Treasuries See Further Downside Ahead Of Next Week's Fed Meeting

Treasuries moved moderately lower during trading on Thursday, extending the downward move seen in the previous session.

Bond prices regained some ground after an initial move to the downside but remained in negative territory. Subsequently, the yield on the benchmark ten-year note, which moves opposite of its price, rose by 2.5 basis points to 3.518 percent.

The continued weakness among treasuries came amid ongoing uncertainty about the outlook for interest rates ahead of the Federal Reserve’s monetary policy meeting next week.

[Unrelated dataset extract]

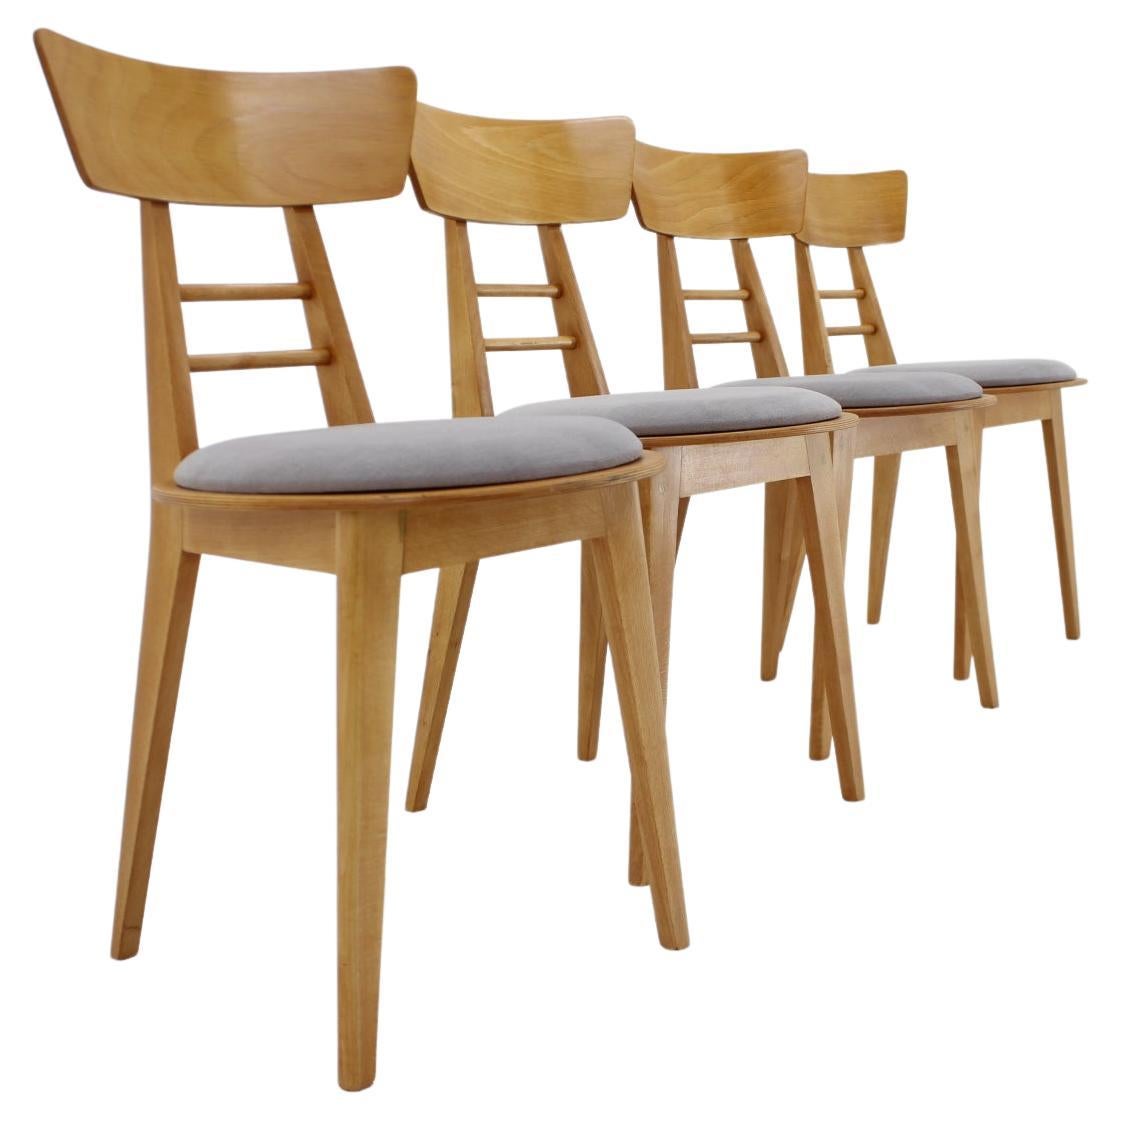 1980s Set of Four Dining Chairs by Ton, Czechoslovakia For Sale
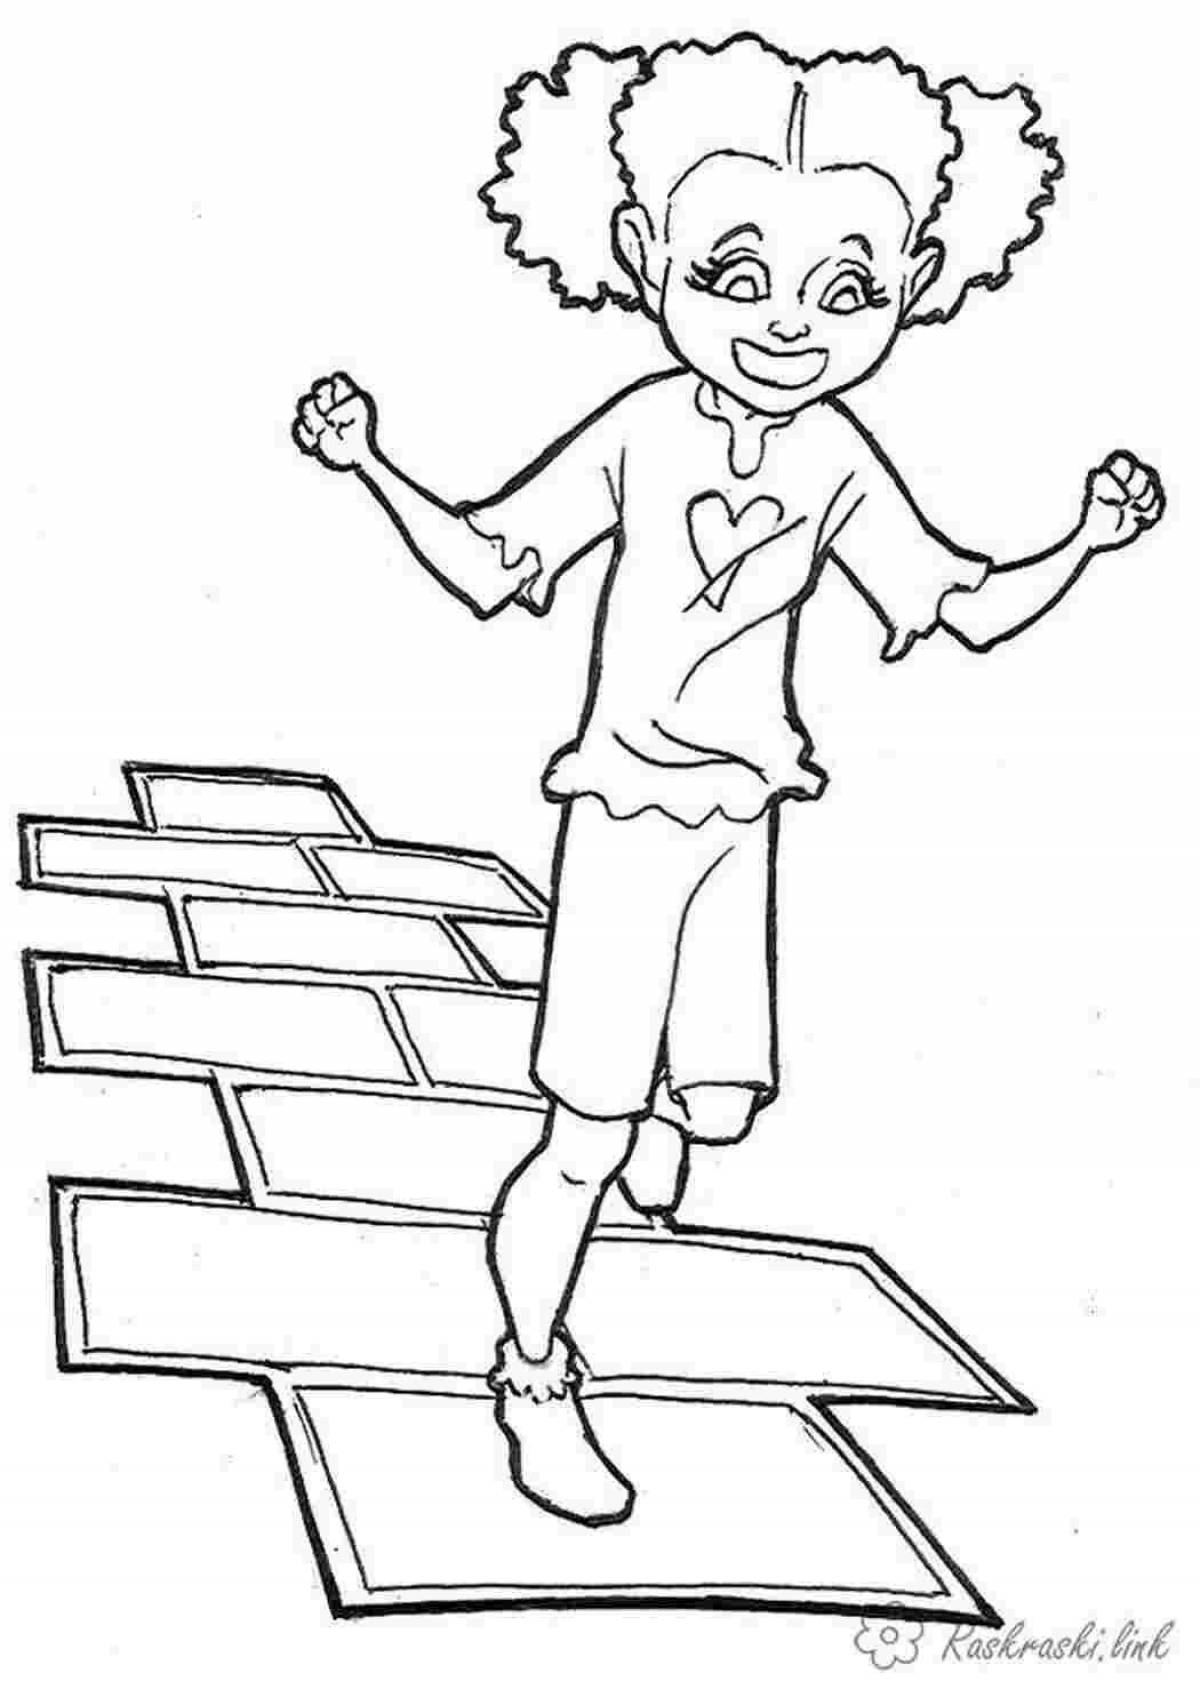 Adventure jumping coloring pages

While the Fed is widely expected to slow the pace of interest rate hikes to 25 basis points, traders will pay close attention to the accompanying statement for clues about the outlook for further rate hikes.

Recent upbeat economic data has generated some optimism the Fed could engineer a soft landing but has also led to concerns the central bank will need to keep rates at elevated levels for longer than anticipated.

On the U.S. economic front, the Commerce Department released a report showing personal income increased in line with economist estimates in the month of December.

The report said personal income inched up by 0.2 percent in December after rising by a downwardly revised 0.3 percent in November.

Economists had expected personal spending to edge up by 0.2 percent compared to the 0.4 percent increase originally reported for the previous month.

Meanwhile, the Commerce Department said personal spending dipped by 0.2 percent in December after slipping by 0.1 percent in November. The modest decrease matched economist estimates.

The report also said core consumer prices, which exclude food and energy prices, rose by 0.3 percent in December after inching up by 0.2 percent in November.

The inflation reading, which is said to be preferred by the Fed, was expected to show another 0.2 percent uptick.

The Commerce Department said the annual rate of growth in core consumer prices slowed to 4.4 percent in December from 4.7 percent in November.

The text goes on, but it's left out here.